A user has typed the following commands into the RStudio console.

a <- c(10, 15)
b <- c(TRUE, FALSE)
c <- c("happy", "sad")

What do each of the following commands return? Describe the class of the object as well as its value.

# This returns a dataframe with 2 rows and 3 columns (whose type is a list). Each column is an entry of one of the vectors from above. Column "A" has entries of type double, column "B" has entires of type logical, and column "C" has entries of type character 
data.frame(a,b,c)

##    a     b     c
## 1 10  TRUE happy
## 2 15 FALSE   sad

# This returns a dataframe which is a list of doubles from vectors a and b combined by column.
cbind(a,b)

##       a b
## [1,] 10 1
## [2,] 15 0

# This returns a dataframe which is a list of doubles from vectors a and b combined by row.
rbind(a,b)

##   [,1] [,2]
## a   10   15
## b    1    0

# This returns a dataframe which is a list of characters from vectors a, b, & c combined by column.
cbind(a,b,c)

##      a    b       c      
## [1,] "10" "TRUE"  "happy"
## [2,] "15" "FALSE" "sad"

# This returns the item in the second place of a list containing vectors a, b, & c. In this case the logicals "TRUE" and "FALSE" (vector b) are returned. 
list(a,b,c)[[2]]

## [1]  TRUE FALSE

MSDR D.8

Why does the mosaic package plain R Markdown template include the code chunk option message=FALSE when the mosaic package is loaded?

SOLUTION:

The mosaic package includes the code chunk option message=FALSE in order to keep the code printed to the console to a minimum when loaded. This code means that all of the messages within mosaic aren’t printed when mosaic is loaded (thus reducing clutter).

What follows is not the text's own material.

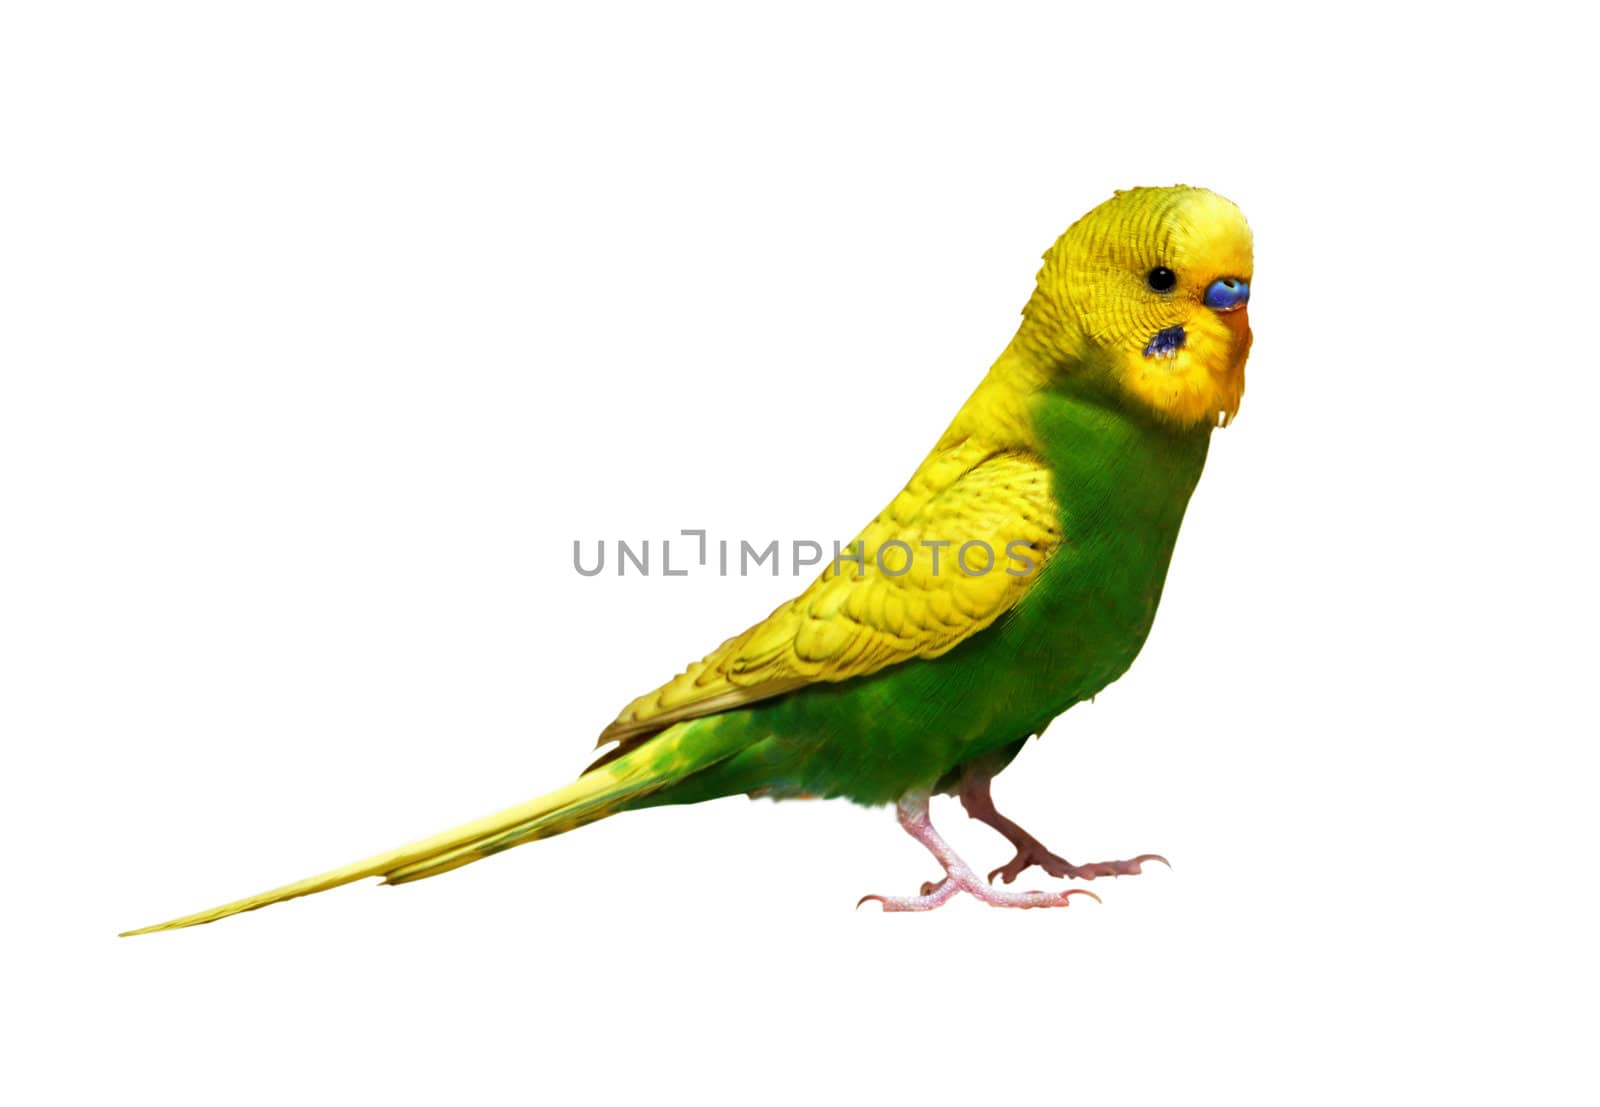 Yelow parrot on white background
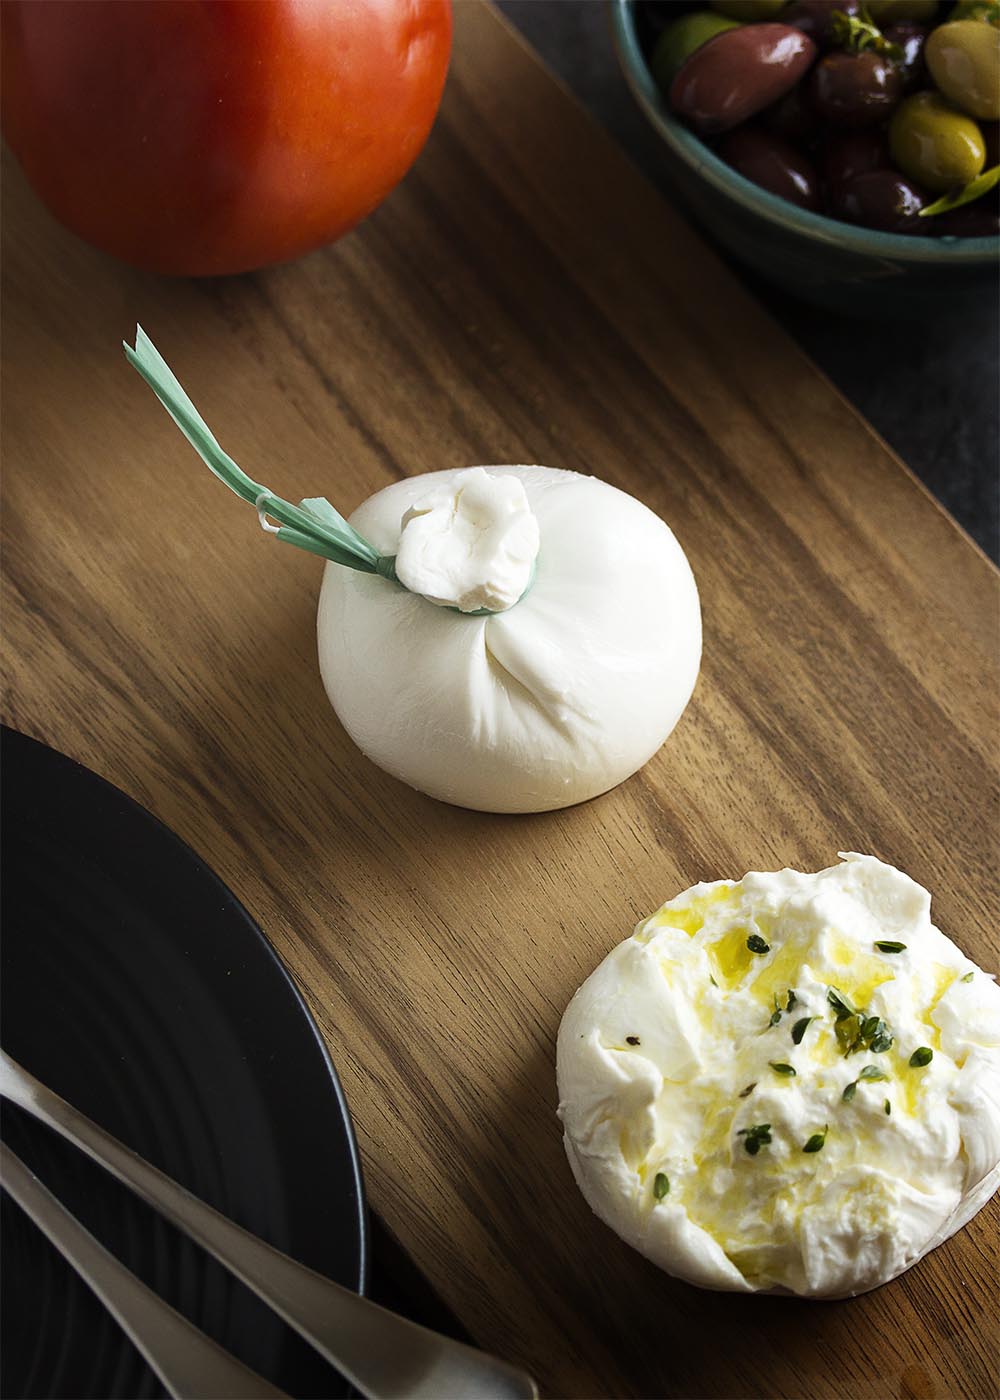 What is burrata? How do you cook burrata? These questions and more answered in this ingredient spotlight on burrata cheese. | justalittlebitofbacon.com

MDSR 2.3 (Graphical critique)

Choose one of the data graphics listed at http://mdsr-book.github.io/exercises.html#exercise_23 and answer the following questions. Be sure to indicate which graphical display you picked.

Identify the visual cues, coordinate system, and scale(s).
How many variables are depicted in the graphic? Explicitly link each variable to a visual cue that you listed above.
Critique this data graphic using the taxonomy described in this chapter.

SOLUTION:

I chose the “Who does not Pay Income Tax?” graphic. This graphic shows a pie chart that represents the breakdown on who does and doesn’t pay income taxes. Because it’s a pie chart, there’s no coordinate system (and the scale is simply relative between the different pieces of the chart). For each piece of the chart that represents a different statistic, a different color is shown alongside a written description.
There are two variables in this display: the reason for not paying income tax (no reason given if paid) and the associated percentage of people with said reason. Those who paid their income taxes are mapped to a piece of the pie chart with a grey color, and the other four pieces are mapped to a red color scale with a different color/label given to each individual reason for lack of payment on income taxes.
While it is normally best to avoid pie charts, I think that this graphic was simple and effective in its message for its target audience. This pie chart was created in response to a comment Mitt Romney made during the 2012 election and served to break down the reasons for why 46% of the US population didn’t pay their income taxes. In pie charts it is usually difficult to compare individual pieces of the pie chart (due to the nature of the graphic), but in this case the distinctions were easier to make because each individual piece of the pie chart was somewhat turned away from the center (in addition to having a clear different color).

MDSR 3.1 (Galton)

Using the famous Galton data set from the mosaicData package:

Create a scatterplot of each person’s height against their father’s height
Separate your plot into facets by sex
Add regression lines to all of your facets
Using the plot from (1) color the points by sex

Hint: recall that you can find out more about the data set by running the command ?Galton.

SOLUTION:

#1
ggplot(Galton, aes(x=height, y=father)) +
  geom_jitter() +
  labs(x="Height (in)", y = "Father's Height (in)", title = "Individuals' Height vs. Their Father's Height")

#2
ggplot(Galton, aes(x=height, y=father)) +
  geom_jitter() +
  facet_wrap(. ~ sex) +
  labs(x="Height (in)", y = "Father's Height (in)", title = "Individuals' Height vs. Their Father's Height by Sex")

#3
ggplot(Galton, aes(x=height, y=father)) +
  geom_jitter() +
  facet_wrap(. ~ sex) +
  geom_smooth(method = "lm", se=FALSE) +
  labs(x="Height (in)", y = "Father's Height (in)", title = "Individuals' Height vs. Their Father's Height by Sex")

#4
ggplot(Galton, aes(x=height, y=father, col=sex)) +
  geom_jitter() + labs(x="Height (in)", y = "Father's Height (in)", title = "Individuals' Height vs. Their Father's Height by Sex")

MDSR 3.4 (Marriage)

The following questions use the Marriage data set from the mdsr package.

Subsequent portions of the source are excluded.